Keine Angst vor Rezession?

"Deutschland zieht Eurozone nach unten"

"Die deutsche Wirtschaft bewegt sich zurzeit im konjunkturellen Niemandsland zwischen schwacher Rezession und kraftloser Erholung", kommentiert Fritzi Köhler-Geib, Chefvolkswirtin der KfW. Enttäuscht habe bislang vor allem die Industrie, denn trotz schwindender Lieferkettenprobleme trete die Produktion weiter auf der Stelle. "Positive Impulse könnten dagegen vom Konsum kommen, der von steigenden Löhnen und nachlassendem Inflationsdruck profitiert", glaubt Köhler-Geib. "Alles in allem sind vorerst aber bestenfalls kleine Schritte in Richtung Konjunkturerholung drin."

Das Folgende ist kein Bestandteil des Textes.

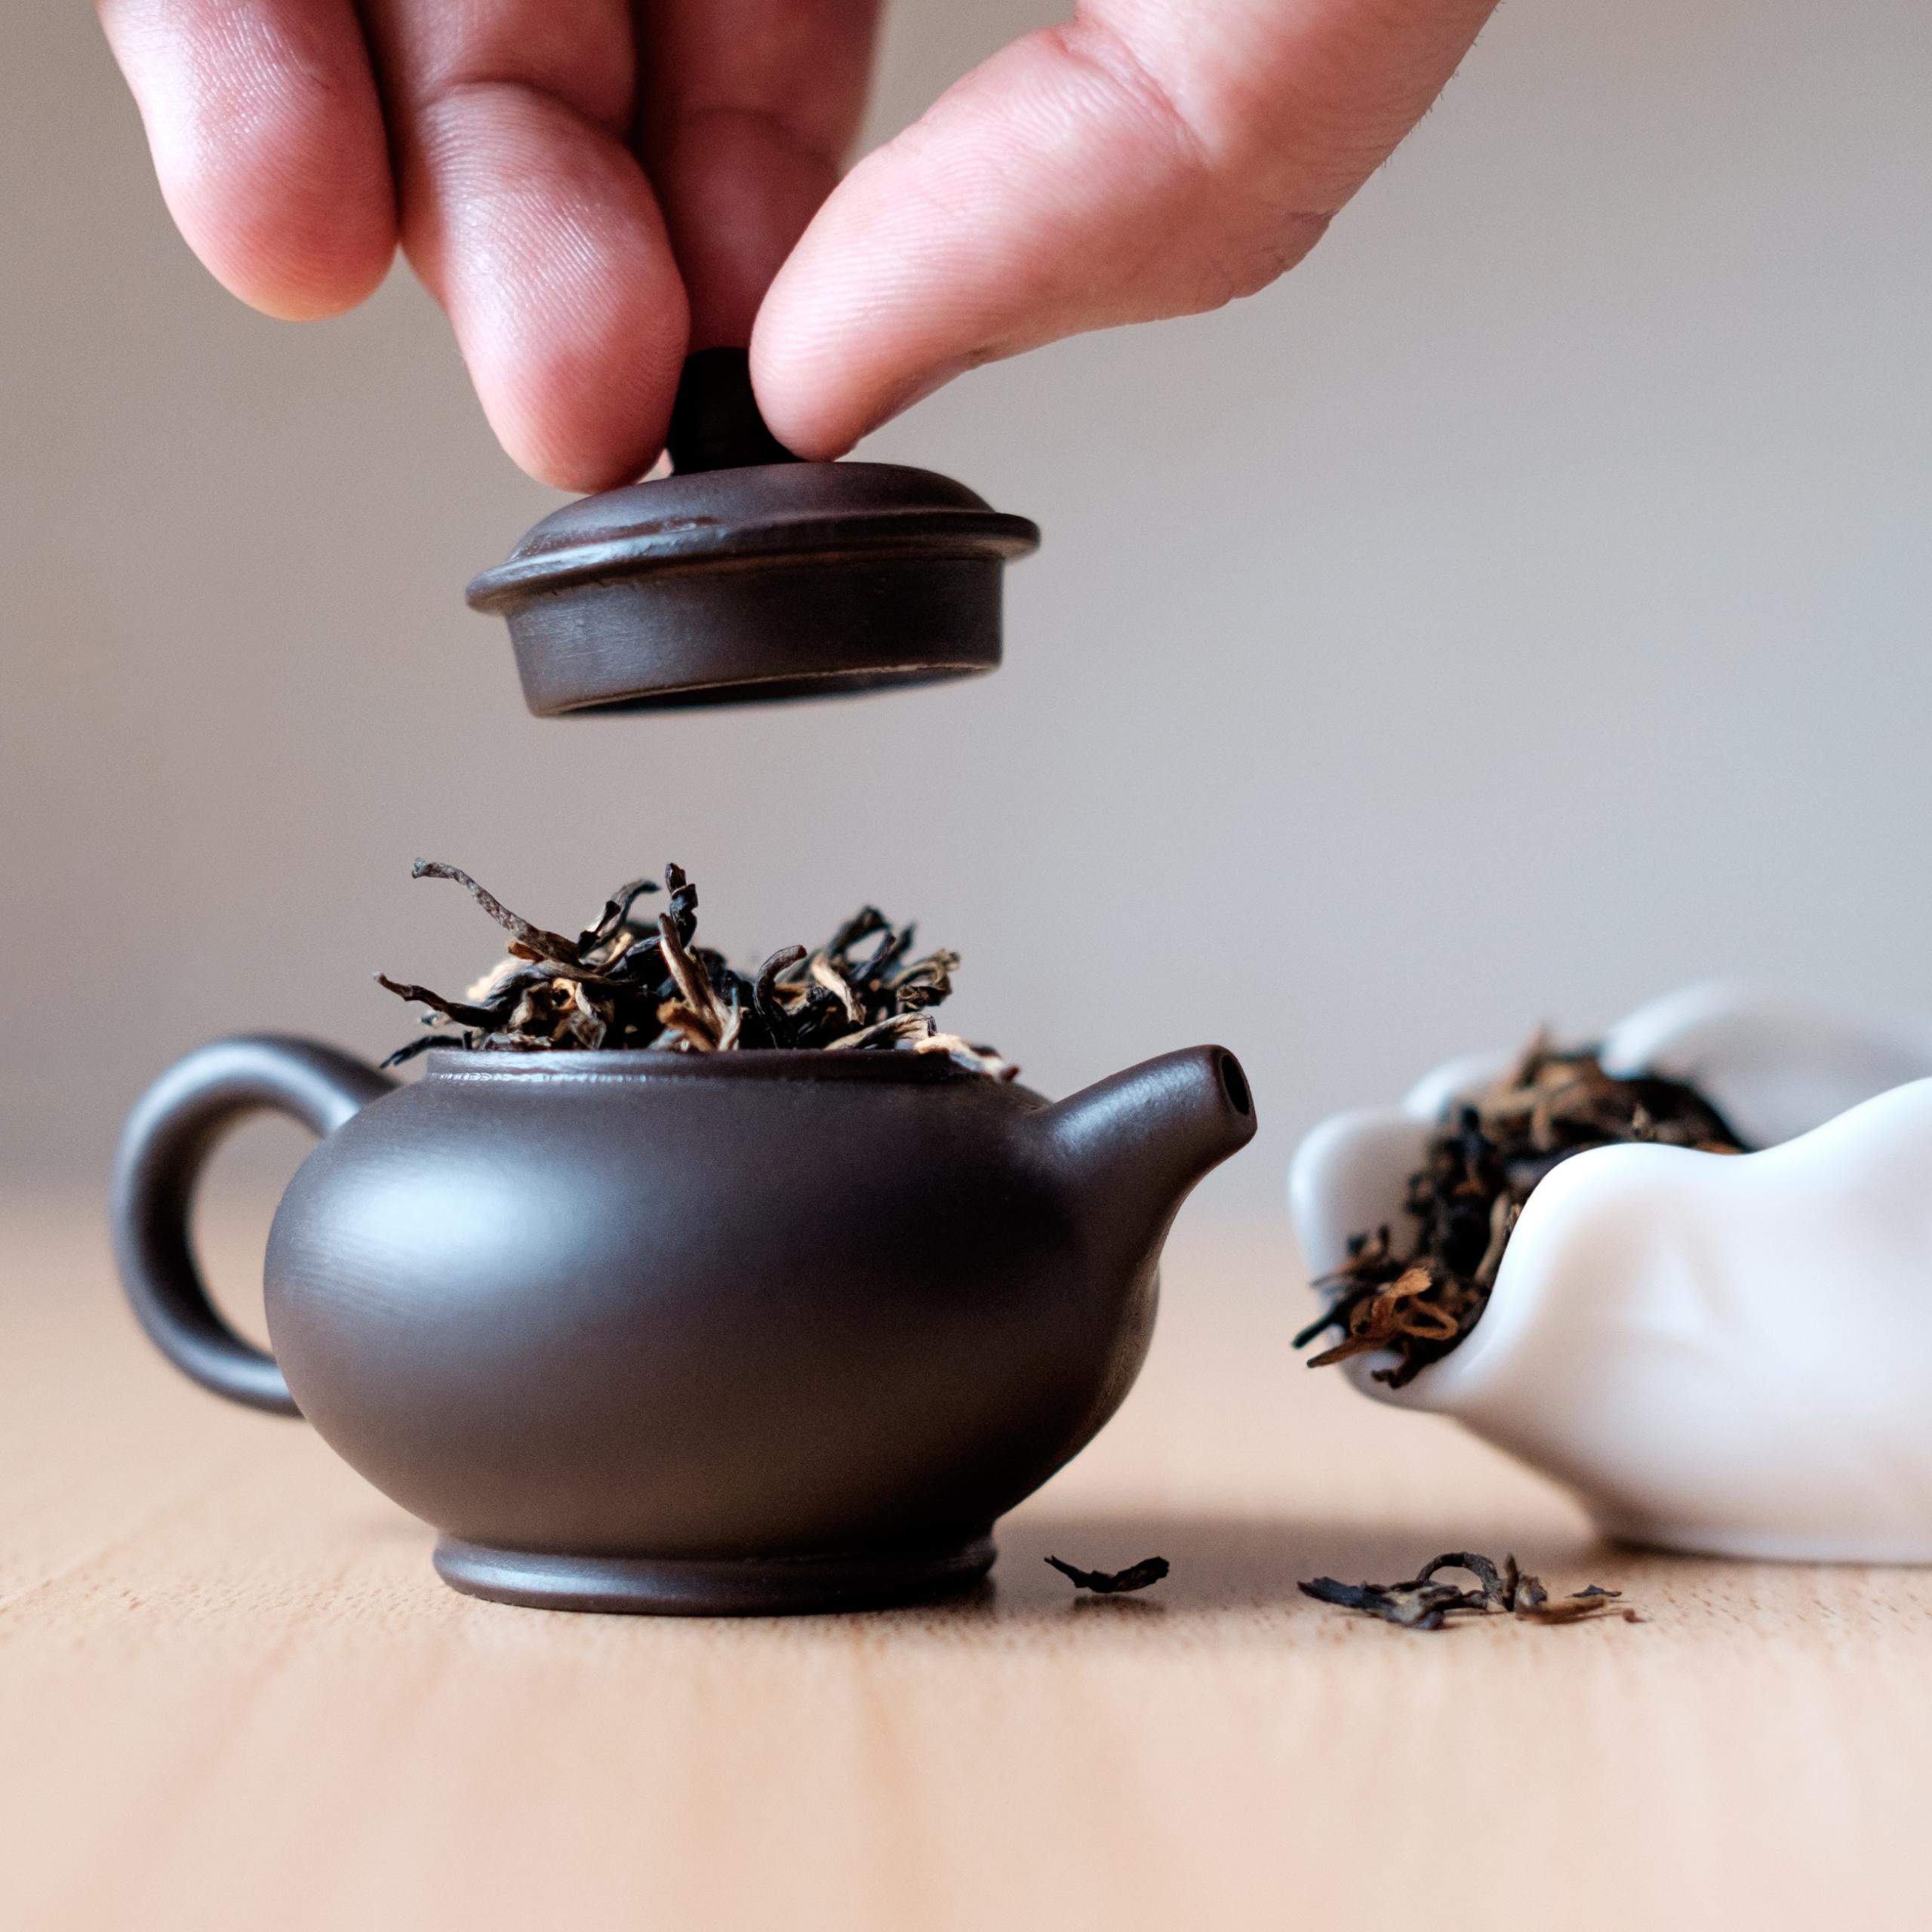 gongfu tea brewing with a small teapot and lots of leaves

"Deutschland zieht die Eurozone nach unten. In kaum einem anderen Land ist die Konjunktur derzeit so stark unter Druck wie hierzulande", sagt Andreas Scheuerle, Volkswirt der Dekabank. Es gebe strukturelle Schwachstellen der deutschen Volkswirtschaft und die Folgen der hohen Inflation würden noch belasten. "Diese sucht eine Volkswirtschaft wie eine böse Krankheit heim: Erst spürt man – wie im Winterhalbjahr - das Gift des Kaufkraftentzugs. Die anschließende Heilung gleicht einer Rosskur, denn die restriktive Geldpolitik führt zu einer Belastung der Investitionstätigkeit. Und weil das Gegengift auch in zahlreichen anderen Ländern verabreicht wurde, kommt auch die Auslandsnachfrage unter Druck."